On the business side, CaixaBank’s objective—to deliver the best experience to customers—remains the same. But there is a big difference in the pace at which it happens, dictated by what Nebot calls the much faster “rhythm” of the APIs.

Since 2007, CaixaBank has conceived of its operations in three separated layers—one for customer experiences, a service layer, and the bank’s back end. Isolating these layers from one another has meant that the bank can sidestep a big problem for many firms—the fact that legacy systems do not integrate with APIs—and allow the bank to provide API access to customers in the first layer.

The API economy has changed what vendors can offer, too. Tom McHugh is a co-founder of Finbourne, which has an open, cloud-based investment data platform called Lusid that it is marketing to buy-side firms of all sizes.

McHugh says Finbourne wants to operate Lusid in a way that is open API-first and developer-friendly, “so that people find a lot of constructs that are difficult right now much easier to access.” Lusid has published APIs that allow in-house solutions to interface with portfolios, holdings and transactions.

“What we are offering is basically an API-first data platform that stores and knows how to account for and deal with all the financial constructs you have as an asset manager—orders, executions, allocations, transactions, benchmarks, holdings, performance measurement and so on,” says McHugh. “We offer a backbone that allows you to use software development kits and an API to manage the data you need to operate your business.”

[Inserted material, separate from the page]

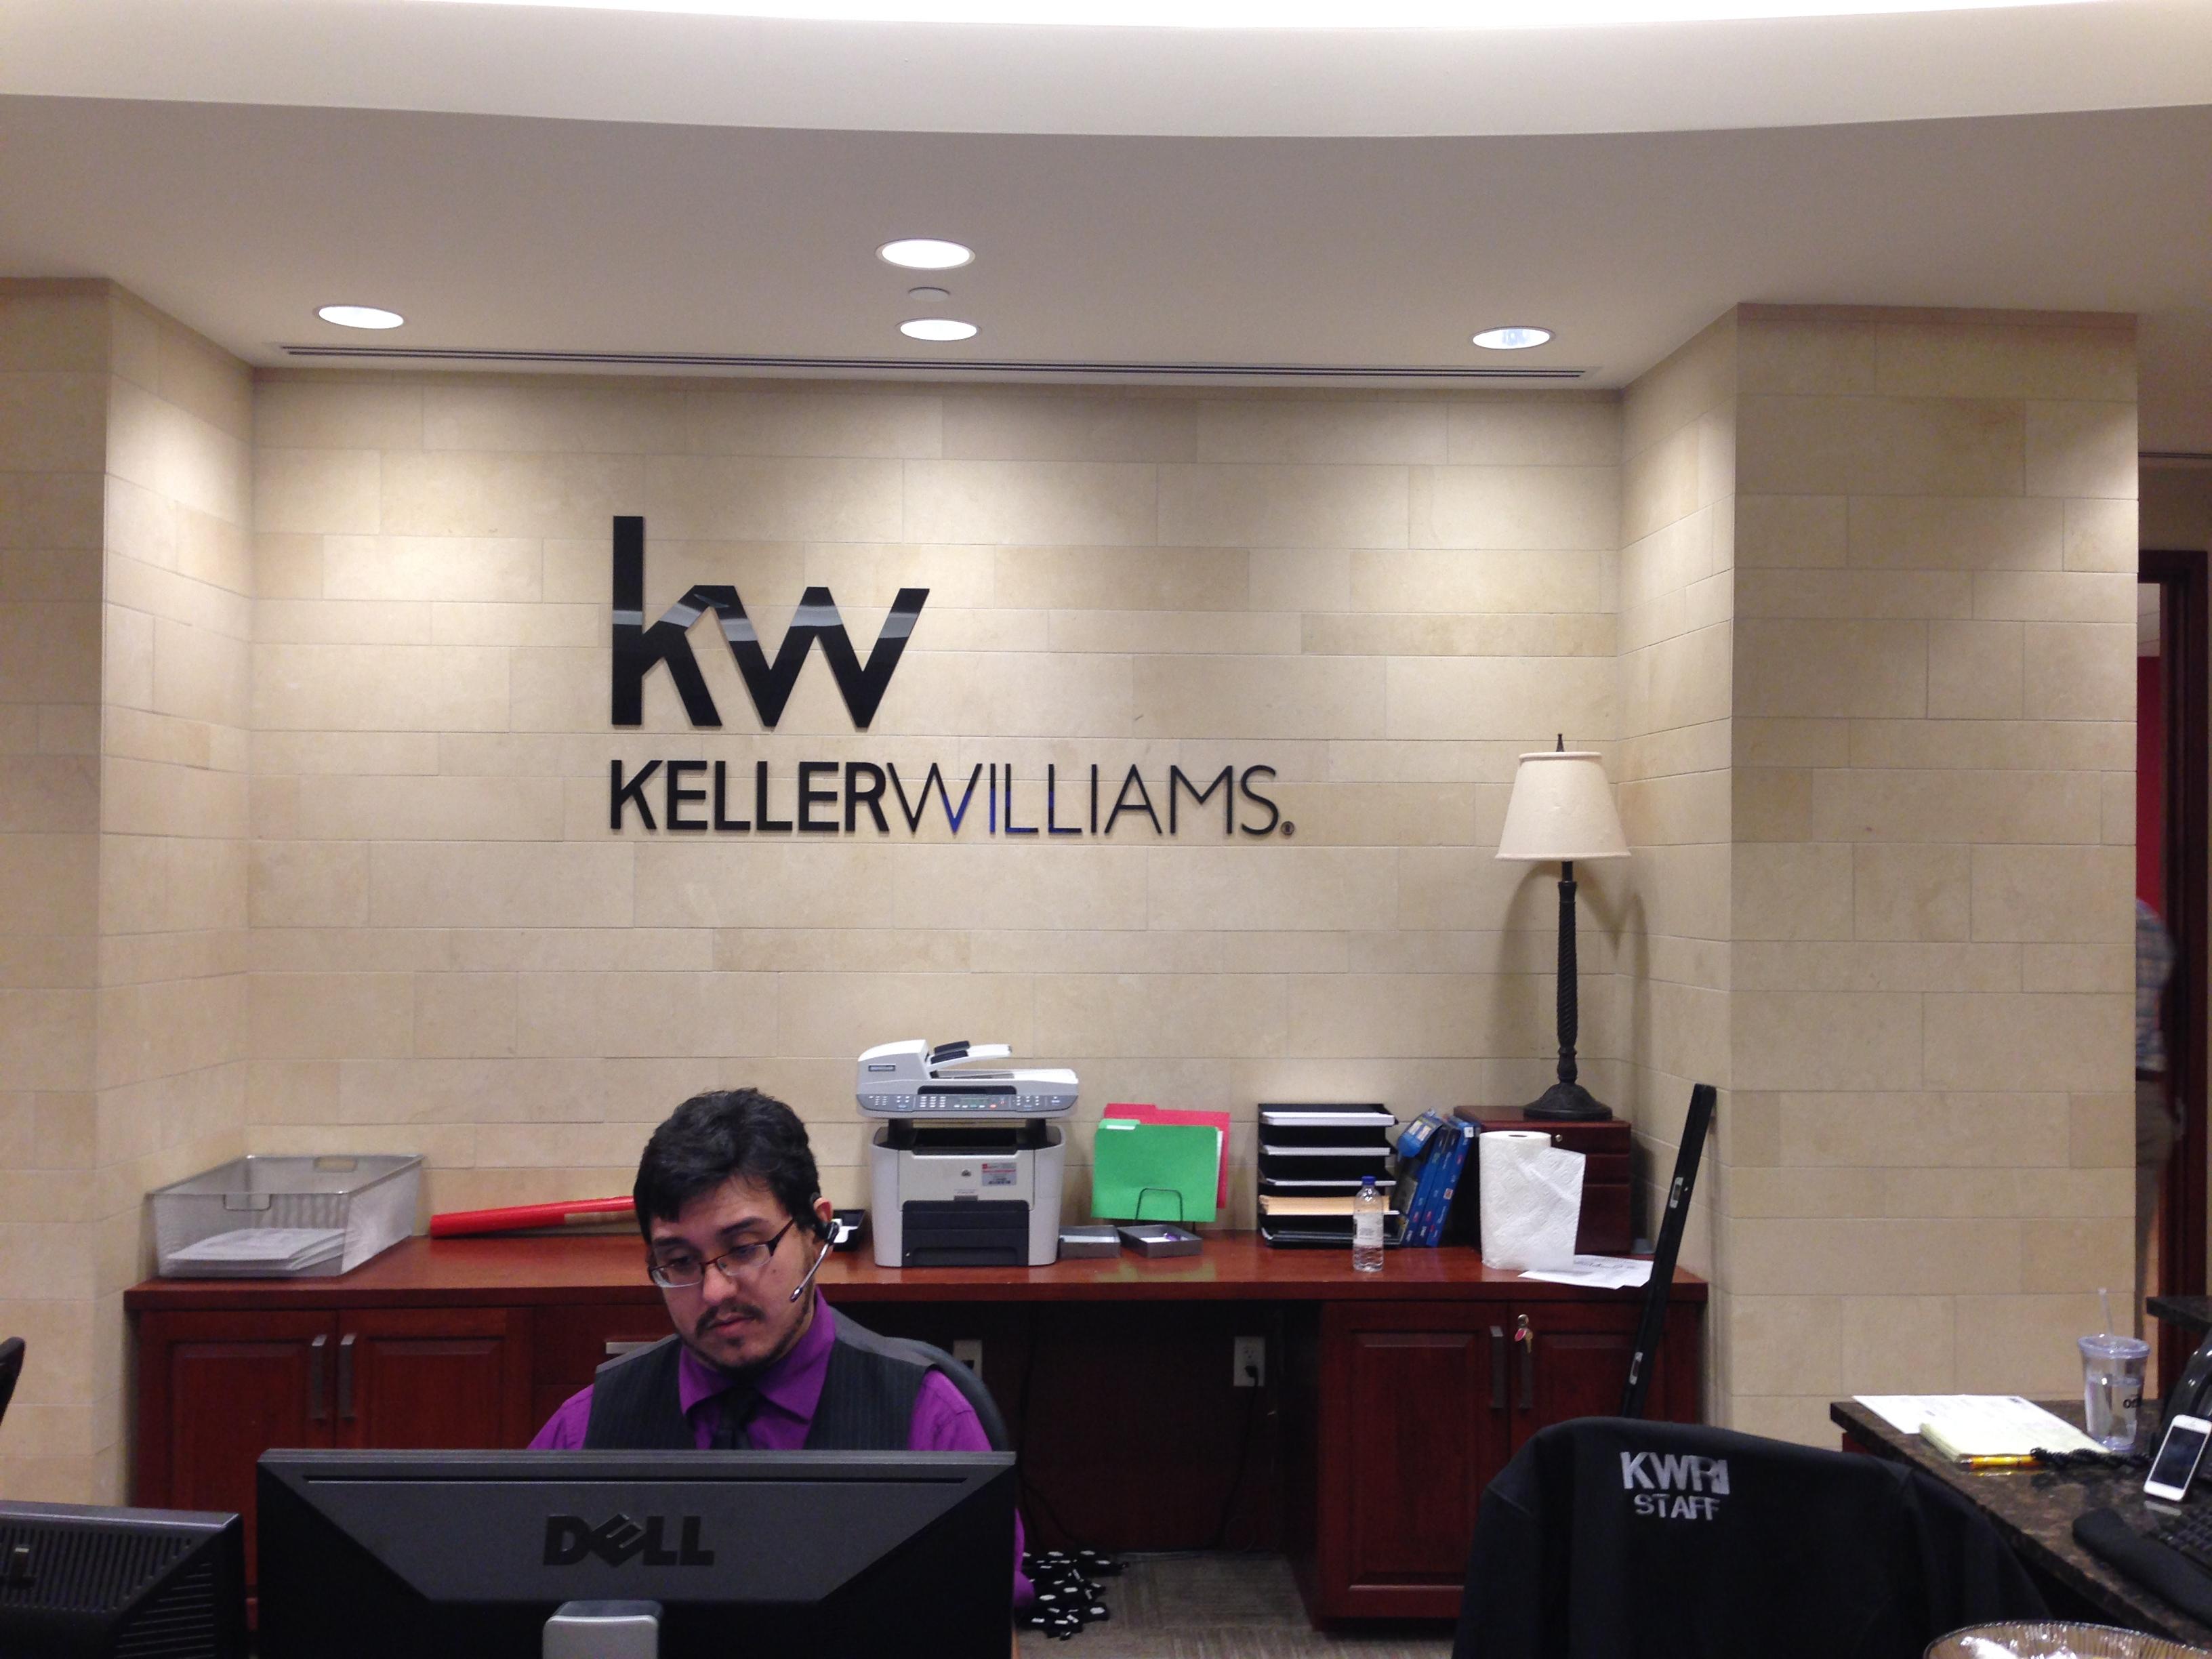 Keller Williams - Dimensional Interior Sign - lk34557(3).jpg

Finbourne has partnered with Refinitiv to offer the data giant’s capabilities—like portfolio analytics and execution management—to Refinitiv clients via APIs.

Barren Landscape

It appears that the API economy has some substance to it—or at least that financial firms are looking to find ways of integrating new services to improve their offerings. But there are restraints on the true scaling of the API economy, analysts say. Gartner’s Mark O’Neil wrote earlier this year that the consultancy predicts that by 2021, 25% of organizations with public APIs will have discontinued or rebooted their public API strategy due to a lack of uptake and because of security concerns.

Aite’s O’Shea agrees that API security standards are low. Alissa Knight, a senior analyst in Aite’s cybersecurity practice—recently conducted an exercise during which she hacked the APIs of 30 banks within eight minutes each.

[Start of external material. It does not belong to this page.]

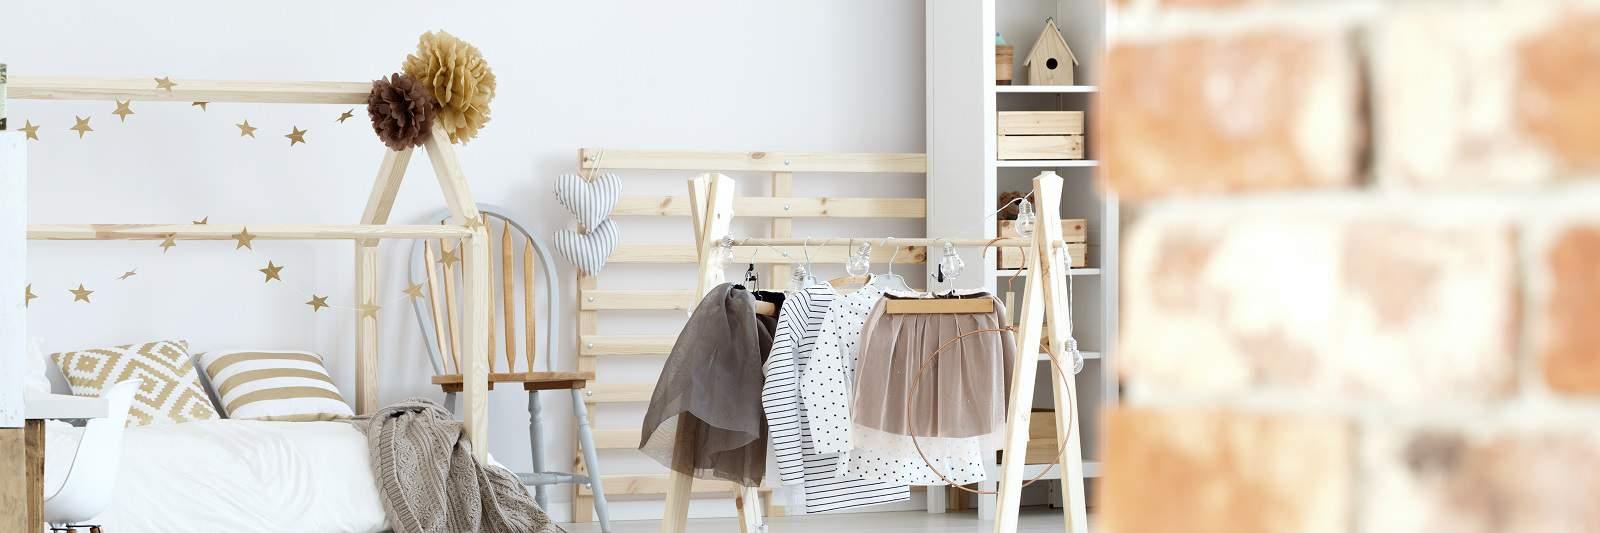 20+ Best Diy Clothes Rack Ideas

Additionally, O’Shea says, while seamless integration sounds great, it also means that clients can disconnect from you just as easily and connect to a competitor instead. For this reason, many firms are cautious about putting in standardized APIs.

And then there is the issue that legacy systems can’t connect to APIs, a potential issue for many large financial firms.

“They can’t consume data and push out the data that is required. So this is where you see extract, transform, load (ETL) bots being put in place—to try and transform data to push it to an external API. And that is not the best idea: You have to keep fixing the bots because they keep going wrong,” O’Shea says.

Being API-first is not necessarily a pleasant place to be; one developer calls it an “unforgiving, barren landscape.” It can often mean exposing IP to a critical, competitive world. And firms struggle to retrofit APIs into their offerings without it having made it first integral to their internal processes.

“[API ecosystems] are not really an ecosystem; it’s just a plug-in to other services,” O’Shea says. “Everyone has APIs, but they might not have RESTful APIs, they might not have the most modern APIs. That is what people are investing in to try and grant more secure access and make it easier to connect to an API strategy. But it’s not rocket science—it’s quite a basic thing that companies should have been offering anyway.”